Meselenin özü bu geçiş garantileri için yapılan bütçe ödemelerinin Anayasaya ve bütçe hukukuna aykırı oluşu.

Bütçe hukuku derken temel muradım da evrensel ve tarihsel olarak her demokraside kabul görmüş ama teke tek anayasalarda yer almayan bütçe ilkeleri.

Geçiş garantileri ödemeleri en temel bütçe ilkelerine aykırı ödemeler.

Burada da iş yargıya düşüyor.

Anayasa Mahkemesi bu konuda zamanında büyük bir hata yaparak bu bütçe ilkelerini anayasal ilke olarak görmedi ama mesele kapanmış değil.

Her sene TBMM’den geçen bütçe kanunları bu geçiş ödemelerinin temel anayasal ilkelere ve bütçe hukukuna, bütçe ilkelerine aykırılıkları nedeniyle Anayasa Mahkemesine yeniden başvurulabilir.

Ödemeler konusunda Danıştay’a gidilebilir; Sayıştay da bu alanda bir içtihada imza atarak evrensel bütçe ilkelerine aykırılıktan bu ödemelere karşı çıkabilir.
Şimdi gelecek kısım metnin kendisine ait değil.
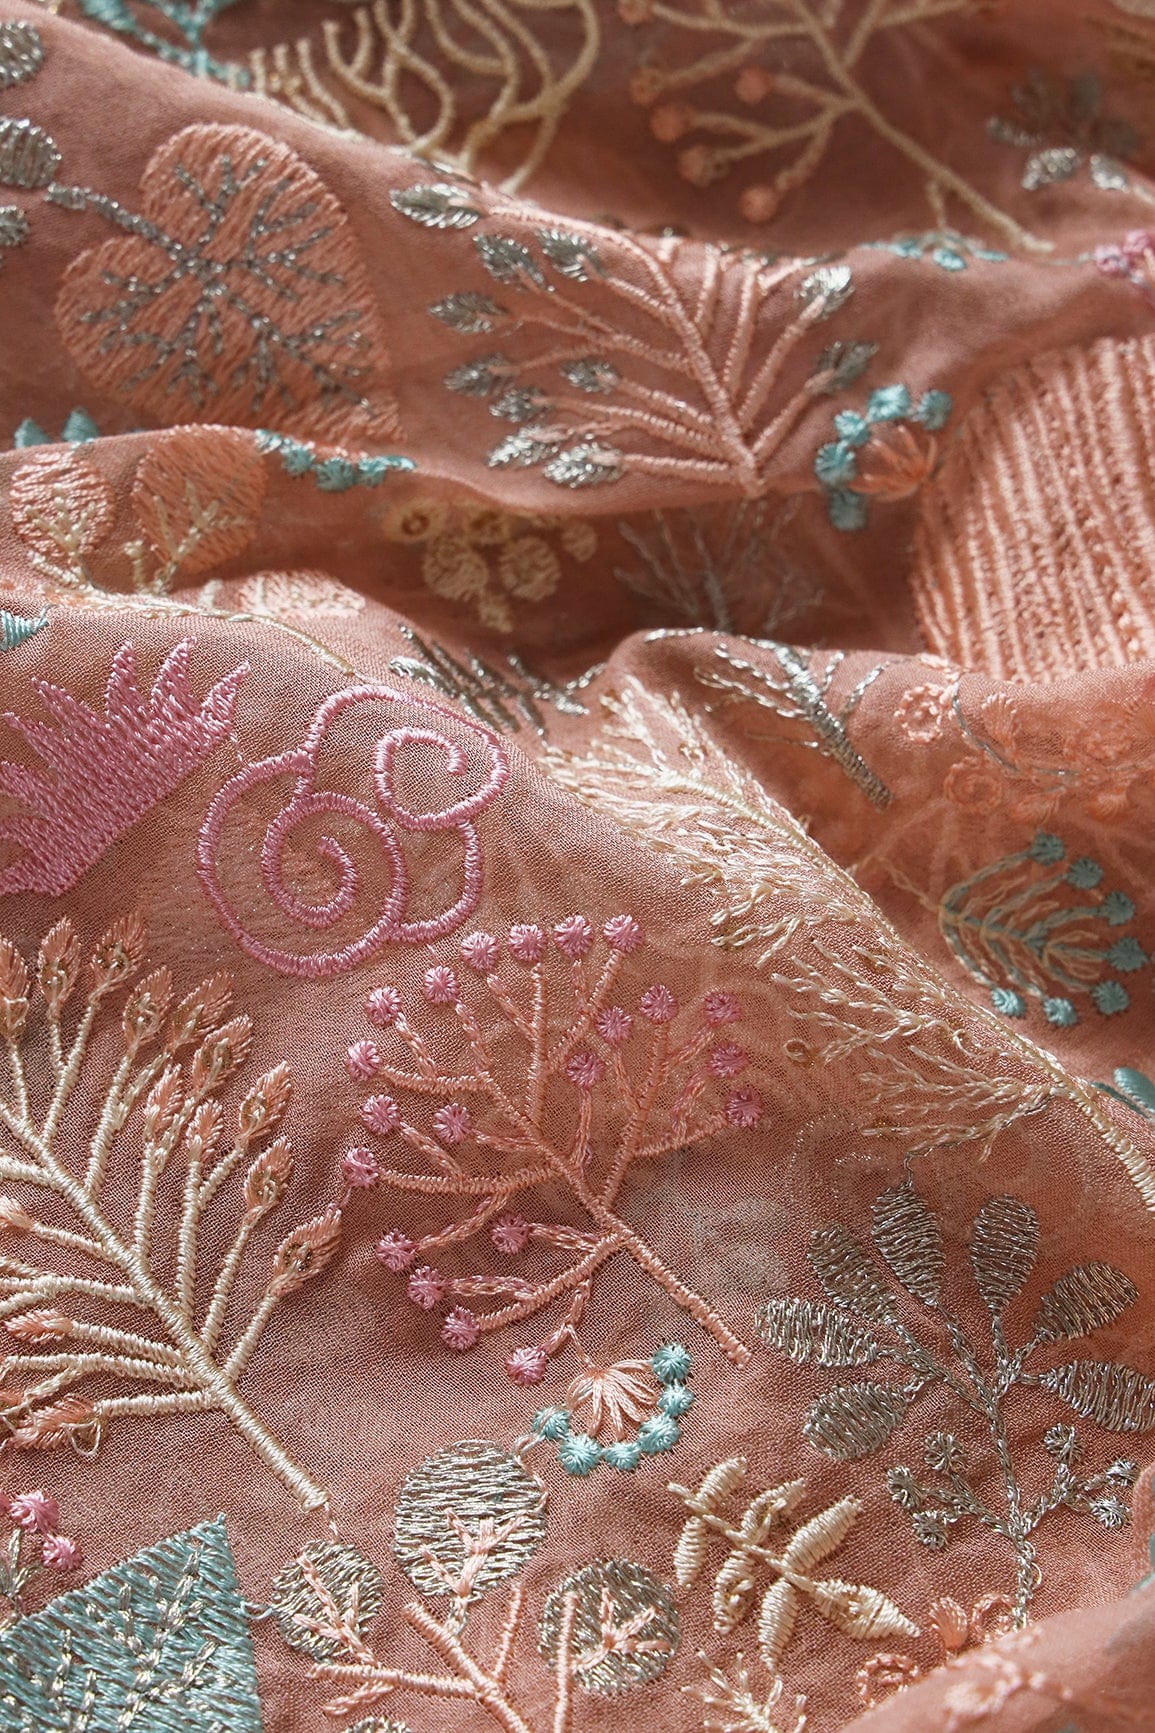 doeraa Embroidery Fabrics 1 Meter Cut Piece Of Multi Thread Beautiful Floral Embroidery On Peach Viscose Georgette Fabric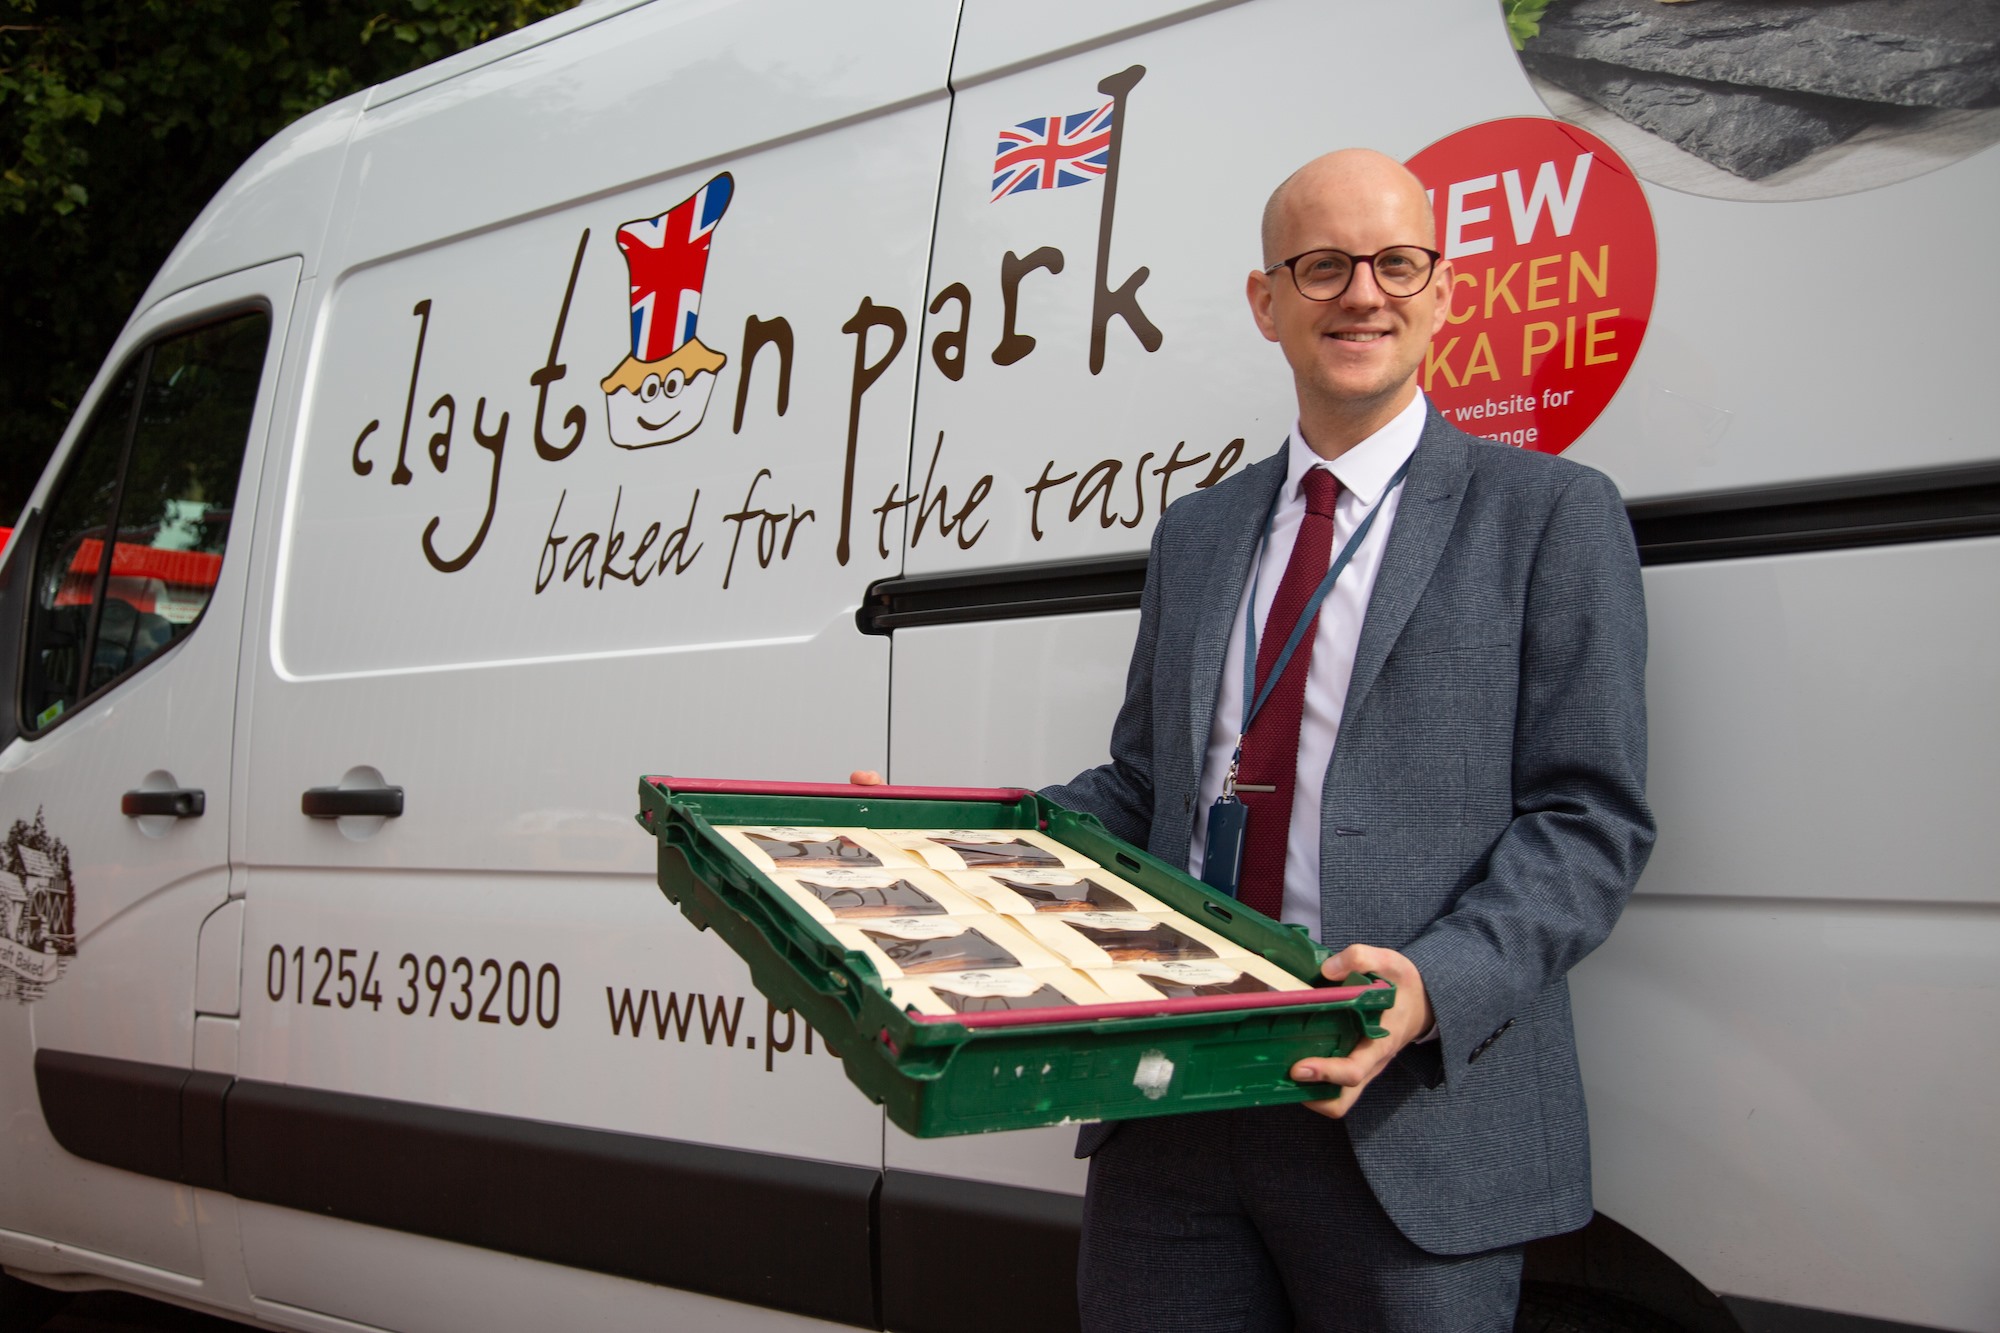 Clayton Park Bakery Fights Food Poverty in East Lancashire

Bu bütçe ilkeleri ve geçiş ödemeleri konusuna başka yazılarımda detaylı olarak girmek istiyorum.

Konu çok önemli ama maalesef sadece iktisadi ve siyasi boyutu öne çıkarılıyor; oysa kanımca temel mesele hukuki.

Temennim bu konunun tartışmaya açılması.